An incomplete attempt
Assume $A \cap G = \emptyset$. Then as $G$ is open, there exists an $\varepsilon > 0$ for every point $x \in G$, for which the open ball $B(x, \varepsilon) \subset G$. But because the intersection $A \cap G$ is empty, no points in this ball can be in $A$, contradicting the definition of the accumulation point.
Now assume that there exists a finite set of points $x_i$ in $A \cap G$, where $i \in \{1, \ldots, N\}$ and $N \in \mathbb N$. How can I proceed from here? The form of the claim suggests a contraposition might work here.
Let a point $x_G \in G$ be an accumulation point of $A$. Then by definition, every punctured open ball $B'(x_G, \varepsilon)$, where $\varepsilon > 0$ should contain a point of $A$. What would be the next step? Should this somehow contradict the finiteness of the intersection $A \cap G$, or the openness of $G$? The first option seems more doable, but I'm not sure how to achieve it.
No, it cannot, because we're in a metric space.
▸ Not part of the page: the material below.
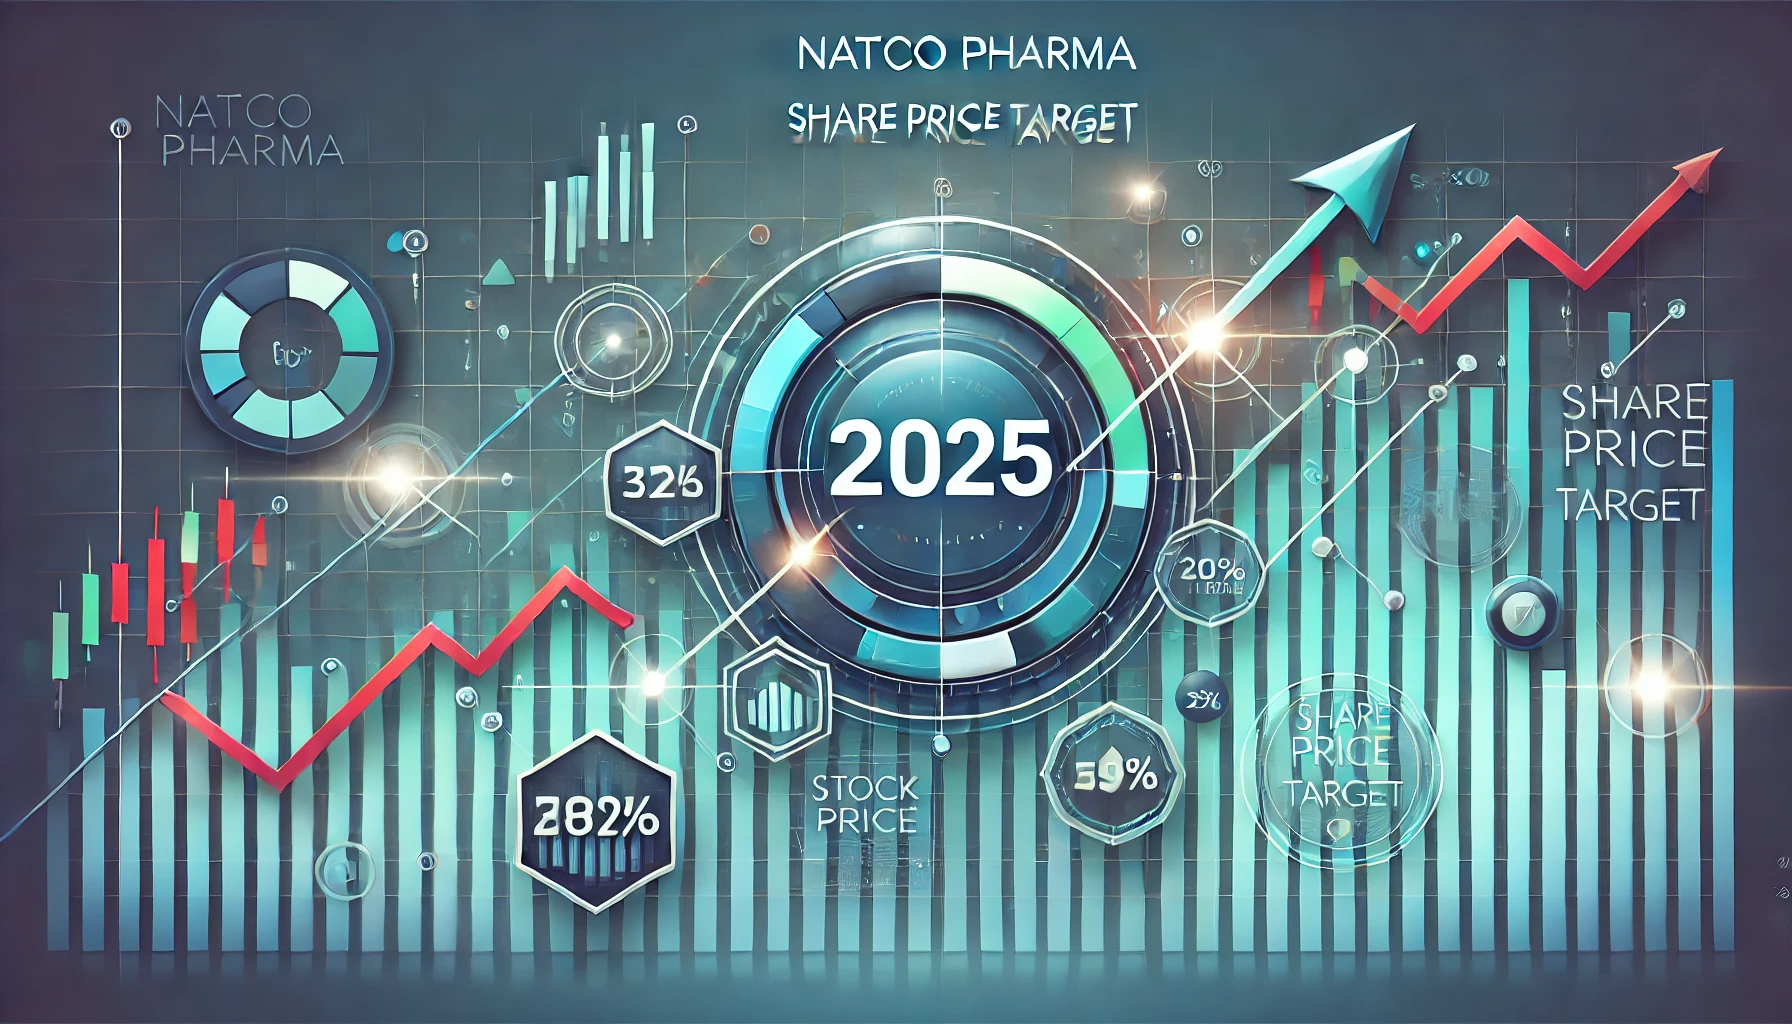 Natco Pharma Share Price Target 2025

I'll use $d(x,y)$ for $\|x-y\|$ as the norm itself is not relevant.
Let $x$ be any point of $G$ and pick $r>0$ such that $B(x,r) \subseteq G$. This can be done as $G$ is open.
Then by assumption $A \cap G$ is finite so say $A \cap G = \{x_1,x_2,\ldots, x_N\}$ for some finite $N$ and pick $r'<r$ such that also $0< r' < \min \{d(x,x_i): x_i \neq x\}$ which can be done as we take a minimum of finitely many strictly positive numbers.
Then $B(x, r') \cap A$ can at most be $\{x\}$ so $x$ is not a limit point of $A$. Any $y \in B(x,r')\cap A$ lies in $G$ (as $r' < r$) and so must be among the $x_i$ and $y$ cannot be $x_i$ as $d(x,y) < d(x,x_i)$ for any $i$, unless $y=x$.